Check for OOM events:

bash

dmesg -T | grep -i -E 'killed process|out of memory|oom'

If OOM events exist, lower concurrency or add memory.

Run a baseline load test:

bash

hey -n 1000 -c 20 https://your-domain/
wrk -t2 -c20 -d30s https://your-domain/

If using SQLAlchemy, compare Gunicorn concurrency with the application DB pool size. If concurrency exceeds pool capacity, requests may block even when Gunicorn itself is healthy.

Checklist

FAQ

How many Gunicorn workers should I start with?

Start with 2 to 4 workers on a small server, then measure CPU, memory, and latency. Increase gradually only if the system has headroom.

When should I use gthread?

Use gthread when requests spend time waiting on a database, API, or filesystem and your app does not require a fully async stack.

Should I use sync or gthread for CPU-heavy endpoints?

Start with sync for CPU-heavy workloads. Threads usually help less when Python execution is the bottleneck.

Does increasing timeout improve performance?

No. It only allows slow requests to run longer. If the root cause is not fixed, it can reduce available capacity.

What does max-requests-jitter do?

It randomizes worker restarts so all workers do not recycle at the same time.

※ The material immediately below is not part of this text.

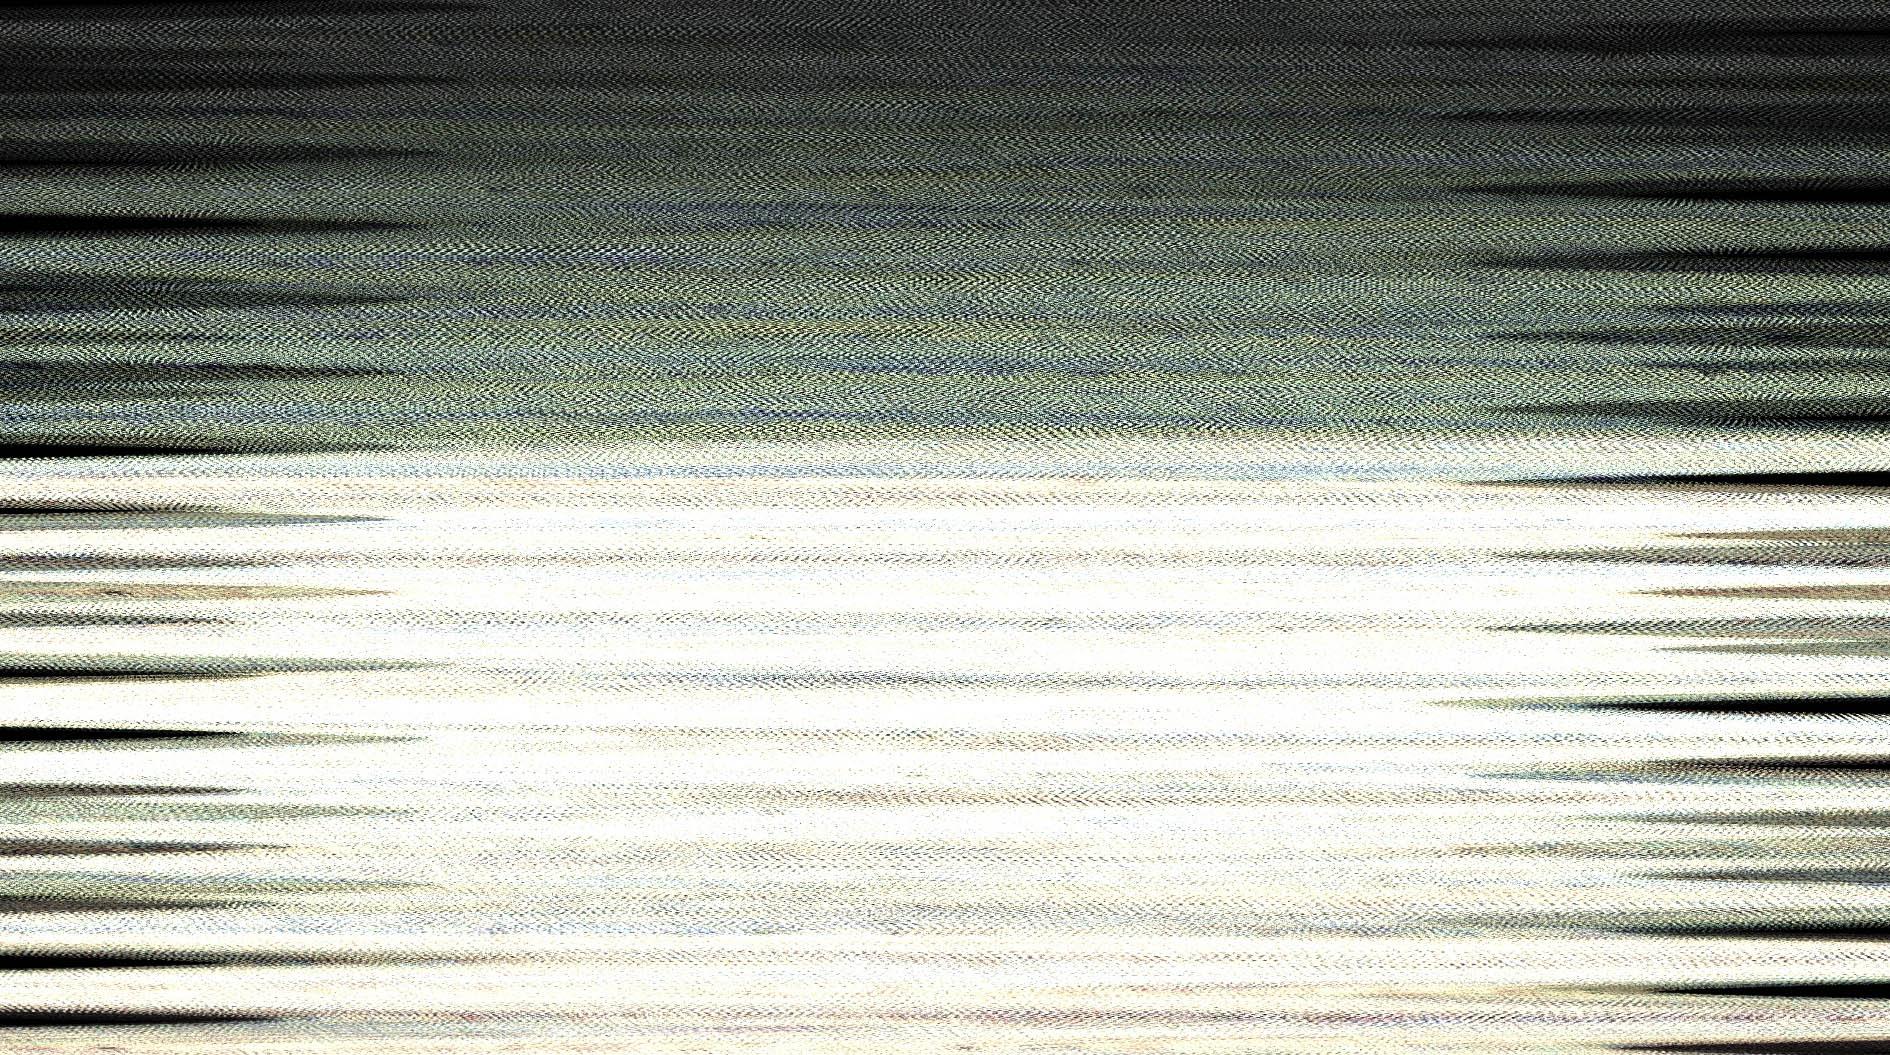 信号干扰屏幕叠加雪花噪点视频前景叠加效果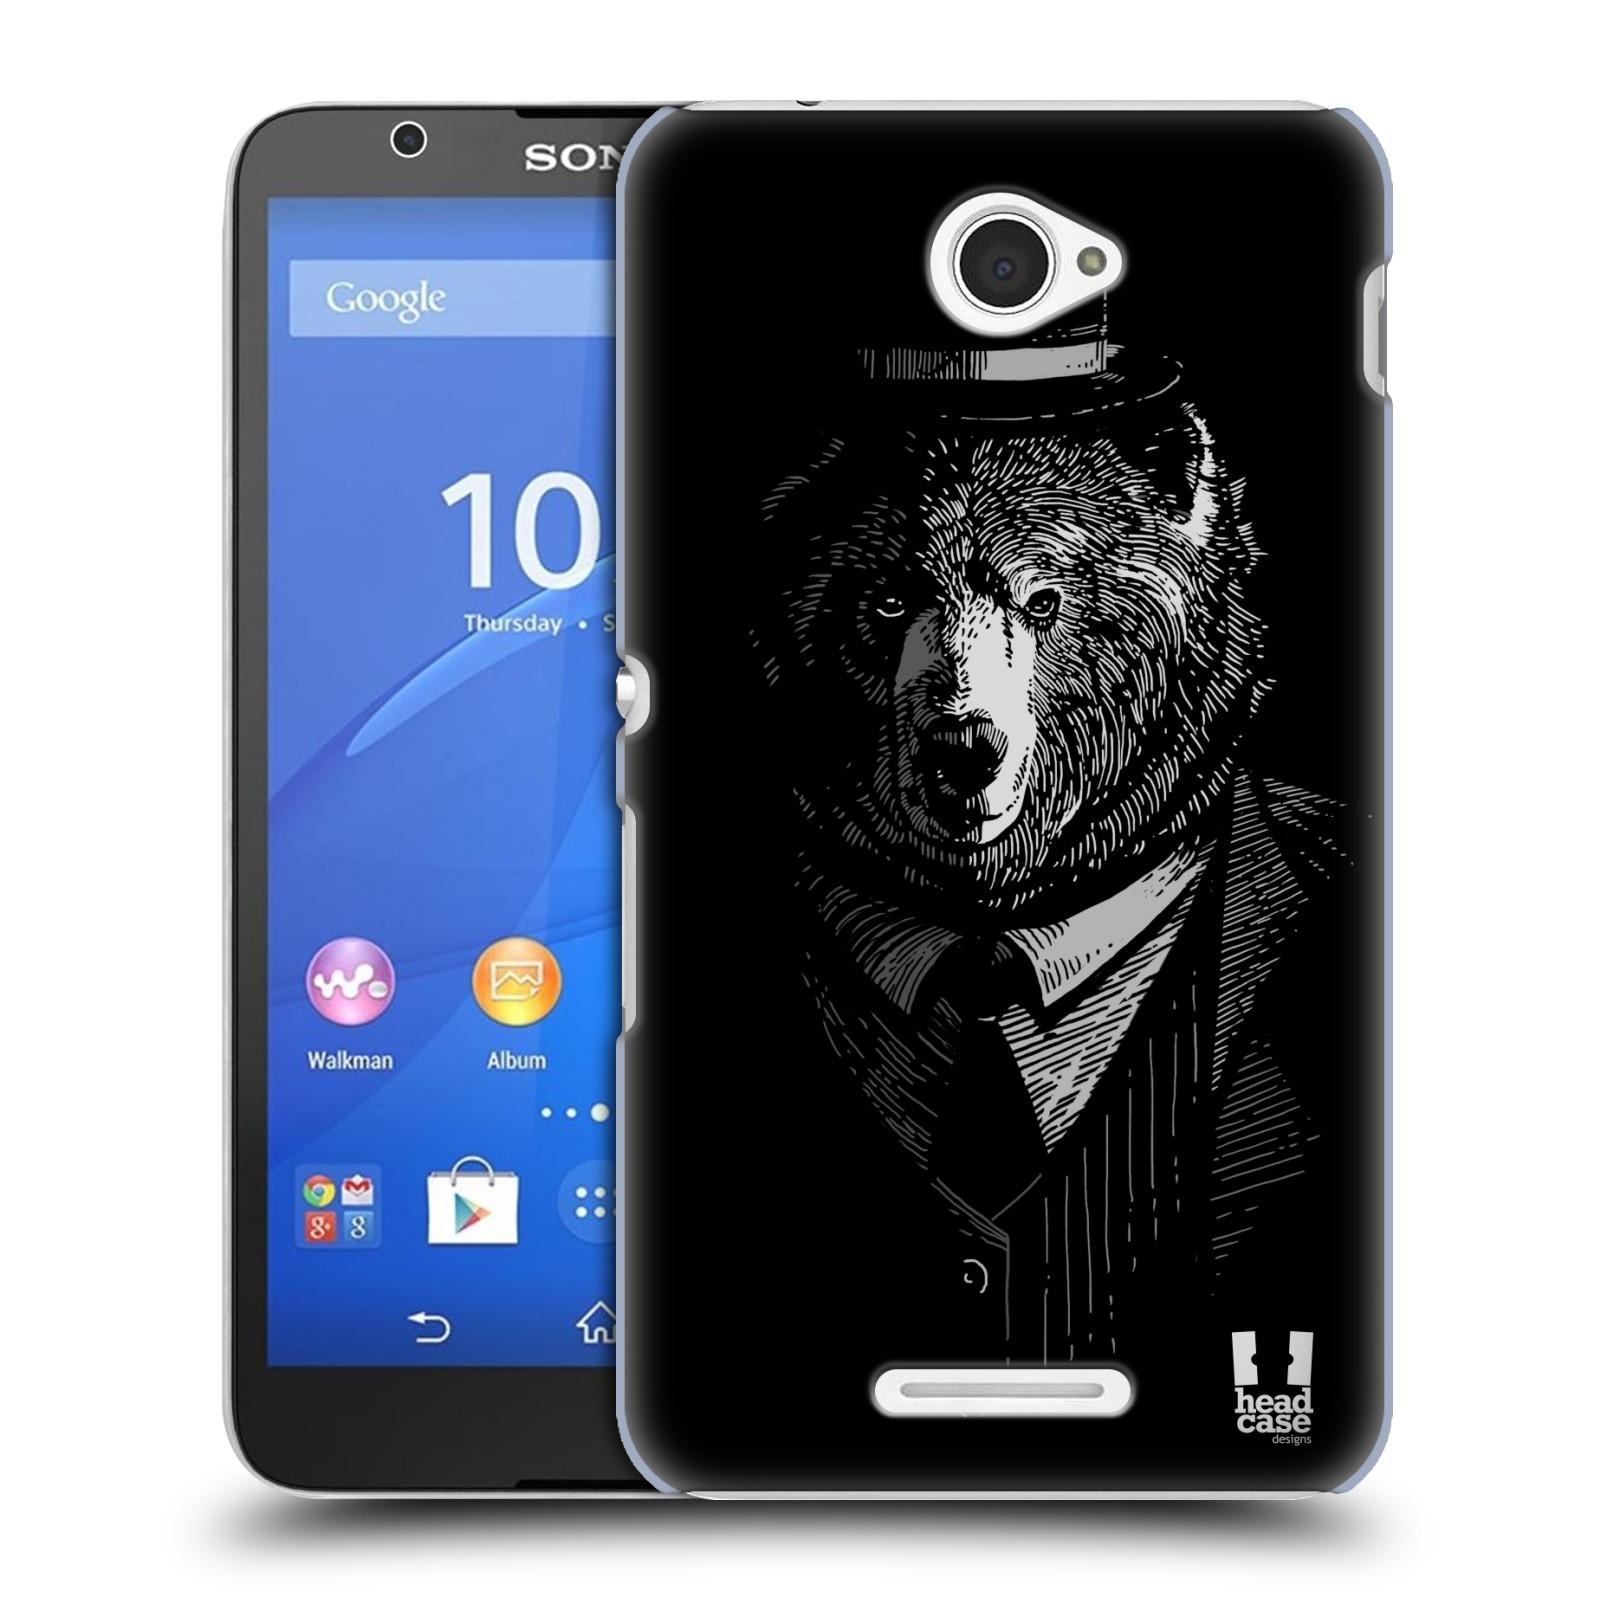 Plastové pouzdro na mobil Sony Xperia E4 E2105 HEAD CASE MEDVĚD V KVÁDRU (Kryt či obal na mobilní telefon Sony Xperia E4 a E4 Dual SIM)

Why is Gunicorn still slow after tuning?

The bottleneck is often outside Gunicorn: slow SQL queries, external APIs, filesystem latency, missing caching, or proxy configuration. Review Flask Nginx Performance Tuning Guide and Flask Production Checklist (Everything You Must Do).

Final Takeaway

Gunicorn tuning is controlled capacity planning, not random flag changes. Start with a conservative baseline, match the worker model to the workload, measure under load, and adjust one variable at a time. If tuning does not improve results, the bottleneck is usually in application code, the database, or reverse proxy configuration rather than Gunicorn itself.